McKnight’s commentary on Philemon has a strong message for the church of the twenty-first century. Today, more than ever, the church needs to proclaim a message of reconciliation to our divided society and to a world that has never abandoned the disturbing reality of slavery.
Two factors influence the interpretation of Paul’s letter to Philemon. The first factor is the reality that Rome was a slavery society. In my previous post, Slavery in the Roman World, I introduced McKnight’s discussion on slavery in the Roman empire. No one will be able to understand the book of Philemon unless one gains a good understanding of slavery as it was practiced in the Roman world. My discussion of McKnight’s view on slavery was only a brief summary of the vast amount of information he provides in his commentary.
The second factor that influences the interpretation of Philemon is the two Philemons that are in the background of Paul’s letter. The first Philemon is a Roman citizen, a non-Christian slave owner who probably was a very influential citizen in his society. Paul never introduced the non-Christian Philemon, although he had known Philemon before he became a believer.
The second Philemon, the one to whom the letter was addressed, is the Philemon who was a Roman citizen and a slave owner. However, Paul now was addressing the Philemon who was a Christian, a leader of the church, a man in whose house the church met. The issue Paul was raising in his letter was very important to Philemon as a Christian and as a leader of the church. How will the Roman citizen Philemon deal with Onesimus, as a non-Christian slave owner or as a Christian who was the leader of the church? As McKnight wrote: “That Philemon was a Christian can be assumed; that it transformed his attitude toward slavery and toward Onesimus can neither be assumed nor inferred from this letter” (p. 57).
In his commentary, McKnight addresses the plight of slaves in the Roman empire. Roman citizens had very strong views about their slaves. Slaves were the property of their masters. They were considered to be inferior persons whom the master could use and abuse at will. Although some slaves occupied important positions and occupations in Roman society, they were still slaves and the property of their masters.
In describing the plight of slaves, McKnight says that some female slaves were occupied in routine domestic chores while others served as wet-nurses or as sexual partners of their masters. As for male slaves, McKnight wrote: “Male slaves remained ‘boys’ and their manhood–connected of course to family and autonomy and inheritance and dignity–was denied” (p. 16).
In his discussion of Onesimus’ status, McKnight emphasizes that Paul did not call Onesimus “son”; he called him a “boy.” He wrote: “In Roman legal fashion, is Paul attributing to the slave Onesimus the status of a ‘boy’ or a ‘child’? The term Paul uses is not the Greek term for ‘son’ (huios) but the term for ‘child’ (teknon). I confess to disappointment at the use of this term by Paul. It may, in fact, reflect the status of a Roman slave, who could never become a man and always remained a boy” (p. 85).

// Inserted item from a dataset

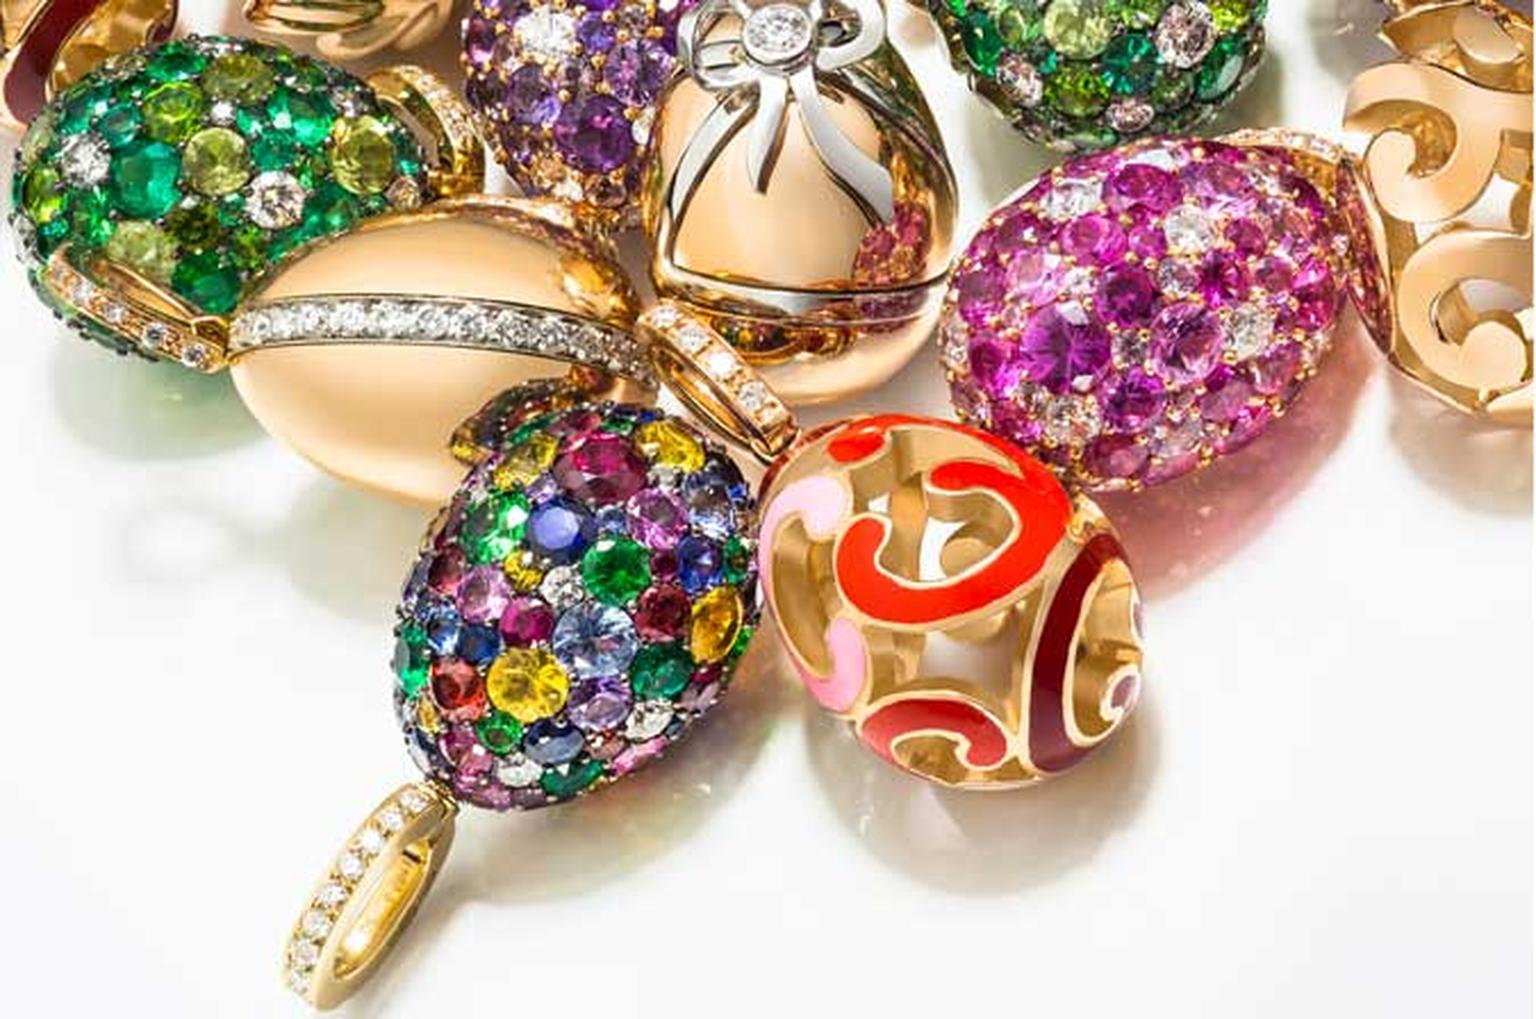 Faberge egg charms

I can understand McKnight’s disappointment at the way Paul addresses Onesimus’ status as a slave, but I think this use of words is very important to the argument Paul will present to Philemon. Philemon only knew Onesimus as a slave who was not a Christian, thus he knew him only as a teknon. This is the reason Paul called Onesimus a teknon. But now Paul has to convince Philemon that Onesimus was more than a teknon. Onesimus is returning to Philemon as “a beloved brother” in Christ (Philemon 1:16). This change of status is very important to what Paul is trying to accomplish. McKnight wrote: “At the level of status and term, the charter of Gal 3:28, where we first read from Paul the binary ‘neither slave nor free,’ means here in Philemon ‘no longer as a slave . . . but a dear brother.’ The language elevates a slave from the margins of the family to the family table” (p. 95).
McKnight believes that Onesimus was a runaway slave. Many causes prompted slaves to run away from their masters’ houses. Slaves ran away because they were physically abused by their masters or because they were severely punished when they refused to obey. They also ran away when they refused to become sexually involved with their masters.

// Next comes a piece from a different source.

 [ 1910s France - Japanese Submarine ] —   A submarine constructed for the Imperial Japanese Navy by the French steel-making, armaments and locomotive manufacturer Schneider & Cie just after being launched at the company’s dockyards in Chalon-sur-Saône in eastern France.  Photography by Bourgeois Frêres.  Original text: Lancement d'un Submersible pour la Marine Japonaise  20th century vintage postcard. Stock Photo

Why did Onesimus runaway from the house of Philemon? “With regard to Onesimus, were there marks of abuse on his body? Had he been sexually used and abused? What kind of master was Philemon?” (p. 20). We are not told the reason Onesimus ran away from Philemon’s house. Paul’s statement, “If he has wronged you in any way, or owes you anything, charge that to my account . . . I will repay it” (Philemon 1:18-19), may indicate that Onesimus caused Philemon some financial loss, but Paul was willing to repay the loss.
In his letter, Paul makes four appeals to Philemon on behalf of Onesimus. McKnight presents an ideal scenario about the reading of the letter. He wrote:
We need to imagine our way into Philemon’s household and into a first-century house church, sitting, lounging, or standing as this letter is read. We need to think, too, that the house church is not limited to Philemon’s own oikonomia but neighbors and fellow believers and seekers who have joined in. We do not know the courier, but it is probably Tychicus or perhaps Onesimus (who may have read about himself in the third person). All eyes are on Philemon-the letter courier and reader standing there with all the authority of the apostle Paul, despite Paul’s denial of his own authority in the words of the letter. We need also to realize that up until this moment only the letter courier and anyone who traveled with Onesimus from Ephesus to Colossae knew the contents of the letter. The head of the household, Philemon, a man of status and power, is about to be confronted by the apostle Paul with a request (p. 77).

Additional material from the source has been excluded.